True, negligence is a breach of duty and is ‘ ‘ relative to time, place and circumstance ” (Caldwell v. Village of Is. Park, 304 N. Y. 268). Yet the neglect here claimed to constitute a breach of the duty of adequate general supervision, related to the time, place and circumstance disclosed by the evidence, do not spell out a foreseeable danger when considered in the light of established authority that all movement of pupils need not be under constant scrutiny (Wilber v. City of Binghamton, 271 App. Div. 402, affd. 296 N. Y. 950).

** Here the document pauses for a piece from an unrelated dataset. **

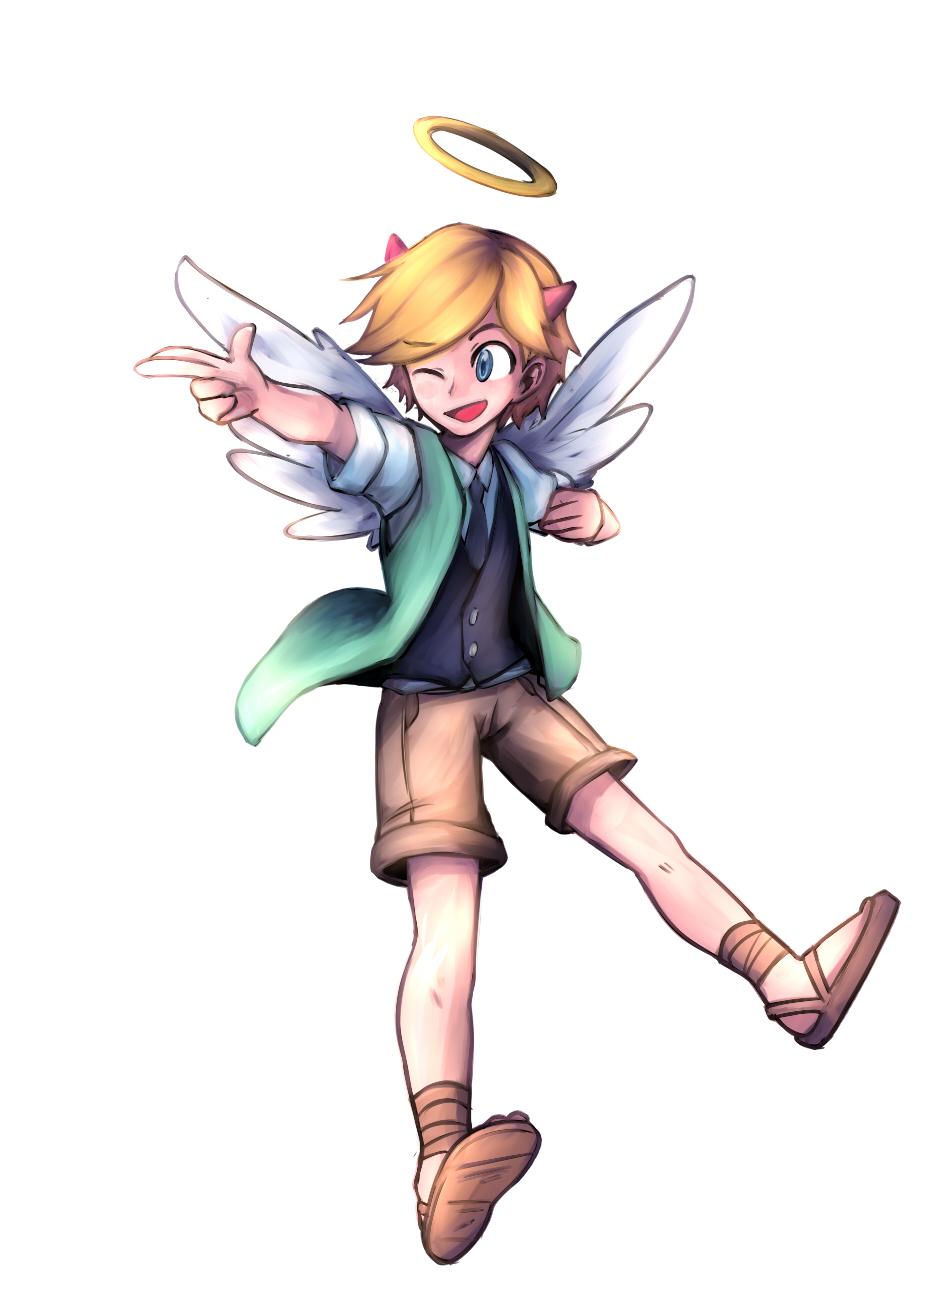 svtfoe x angel au by weidao

The monitor’s attendance and her supervision under the direction of the assistant principal was undeniably adequate and served to keep the line in order while she was in attendance. Her momentary absence while attending to the portion of the line inside the office of the assistant principal during the disorder or the impulsive actions of the children do not establish a lack of such adequate supervision. The prior misbehavior of the children, even if plaintiffs’ version of their conduct be accepted, cannot possibly be the basis of a finding of fact that it represented a truly foreseeable danger to the children on the line. While there are several distinguishing factors between the case at hand and that of Bertola v. Board of Educ. of the City of N. Y. (1 A D 2d 973), both cases do have in common the crucial factor that “ closer supervision could not have been reasonably apprehended” (Ohman v. *164Board of Educ. of the City of N. Y., 275 App. Div. 840, affd. 300 N. Y. 306).
The verdicts for plaintiffs are set aside. The motion for a directed verdict for the defendant is granted. All other motions are denied.